• TASK REQUIREMENTS
The required output consists solely of the lines from the top of the listing through the line containing "5 performance highlights of the Abarth 595", transcribed exactly.

• RECORDS PROVIDED
##############################
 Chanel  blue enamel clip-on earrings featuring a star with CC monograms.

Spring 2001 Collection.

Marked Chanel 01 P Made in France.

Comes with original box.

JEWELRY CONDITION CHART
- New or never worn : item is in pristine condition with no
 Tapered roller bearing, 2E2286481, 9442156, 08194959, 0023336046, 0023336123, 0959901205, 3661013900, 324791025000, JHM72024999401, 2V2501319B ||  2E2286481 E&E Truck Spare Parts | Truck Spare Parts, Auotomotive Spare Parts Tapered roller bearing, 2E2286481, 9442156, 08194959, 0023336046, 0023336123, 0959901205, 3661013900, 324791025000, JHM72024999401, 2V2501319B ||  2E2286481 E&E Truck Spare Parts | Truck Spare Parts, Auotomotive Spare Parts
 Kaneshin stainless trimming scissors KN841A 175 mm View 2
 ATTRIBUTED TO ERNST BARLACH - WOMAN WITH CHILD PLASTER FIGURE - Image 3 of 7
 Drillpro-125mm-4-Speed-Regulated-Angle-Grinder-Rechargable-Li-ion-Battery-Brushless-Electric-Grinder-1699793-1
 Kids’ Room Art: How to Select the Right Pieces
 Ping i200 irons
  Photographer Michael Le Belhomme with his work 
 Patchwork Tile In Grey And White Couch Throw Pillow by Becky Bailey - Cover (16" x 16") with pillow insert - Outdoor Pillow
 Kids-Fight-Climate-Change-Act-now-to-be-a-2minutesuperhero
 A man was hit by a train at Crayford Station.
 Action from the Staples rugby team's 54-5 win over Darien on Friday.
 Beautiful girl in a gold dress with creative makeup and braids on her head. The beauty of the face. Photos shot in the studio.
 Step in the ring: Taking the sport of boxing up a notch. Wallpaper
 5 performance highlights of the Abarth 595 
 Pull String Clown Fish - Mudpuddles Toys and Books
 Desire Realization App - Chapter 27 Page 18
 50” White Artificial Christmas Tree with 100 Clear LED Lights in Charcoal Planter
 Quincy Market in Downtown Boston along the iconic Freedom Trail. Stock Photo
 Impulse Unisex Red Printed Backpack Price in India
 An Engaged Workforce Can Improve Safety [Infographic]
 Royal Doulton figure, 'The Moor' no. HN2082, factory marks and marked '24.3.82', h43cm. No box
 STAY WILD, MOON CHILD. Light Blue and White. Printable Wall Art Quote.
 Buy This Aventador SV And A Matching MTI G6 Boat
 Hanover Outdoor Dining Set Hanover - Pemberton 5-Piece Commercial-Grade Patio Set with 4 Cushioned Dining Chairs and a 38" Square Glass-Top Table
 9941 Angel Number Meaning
##############################
• EXERCISE SOLUTION
 Chanel  blue enamel clip-on earrings featuring a star with CC monograms.

Spring 2001 Collection.

Marked Chanel 01 P Made in France.

Comes with original box.

JEWELRY CONDITION CHART
- New or never worn : item is in pristine condition with no
 Tapered roller bearing, 2E2286481, 9442156, 08194959, 0023336046, 0023336123, 0959901205, 3661013900, 324791025000, JHM72024999401, 2V2501319B ||  2E2286481 E&E Truck Spare Parts | Truck Spare Parts, Auotomotive Spare Parts Tapered roller bearing, 2E2286481, 9442156, 08194959, 0023336046, 0023336123, 0959901205, 3661013900, 324791025000, JHM72024999401, 2V2501319B ||  2E2286481 E&E Truck Spare Parts | Truck Spare Parts, Auotomotive Spare Parts
 Kaneshin stainless trimming scissors KN841A 175 mm View 2
 ATTRIBUTED TO ERNST BARLACH - WOMAN WITH CHILD PLASTER FIGURE - Image 3 of 7
 Drillpro-125mm-4-Speed-Regulated-Angle-Grinder-Rechargable-Li-ion-Battery-Brushless-Electric-Grinder-1699793-1
 Kids’ Room Art: How to Select the Right Pieces
 Ping i200 irons
  Photographer Michael Le Belhomme with his work 
 Patchwork Tile In Grey And White Couch Throw Pillow by Becky Bailey - Cover (16" x 16") with pillow insert - Outdoor Pillow
 Kids-Fight-Climate-Change-Act-now-to-be-a-2minutesuperhero
 A man was hit by a train at Crayford Station.
 Action from the Staples rugby team's 54-5 win over Darien on Friday.
 Beautiful girl in a gold dress with creative makeup and braids on her head. The beauty of the face. Photos shot in the studio.
 Step in the ring: Taking the sport of boxing up a notch. Wallpaper
 5 performance highlights of the Abarth 595 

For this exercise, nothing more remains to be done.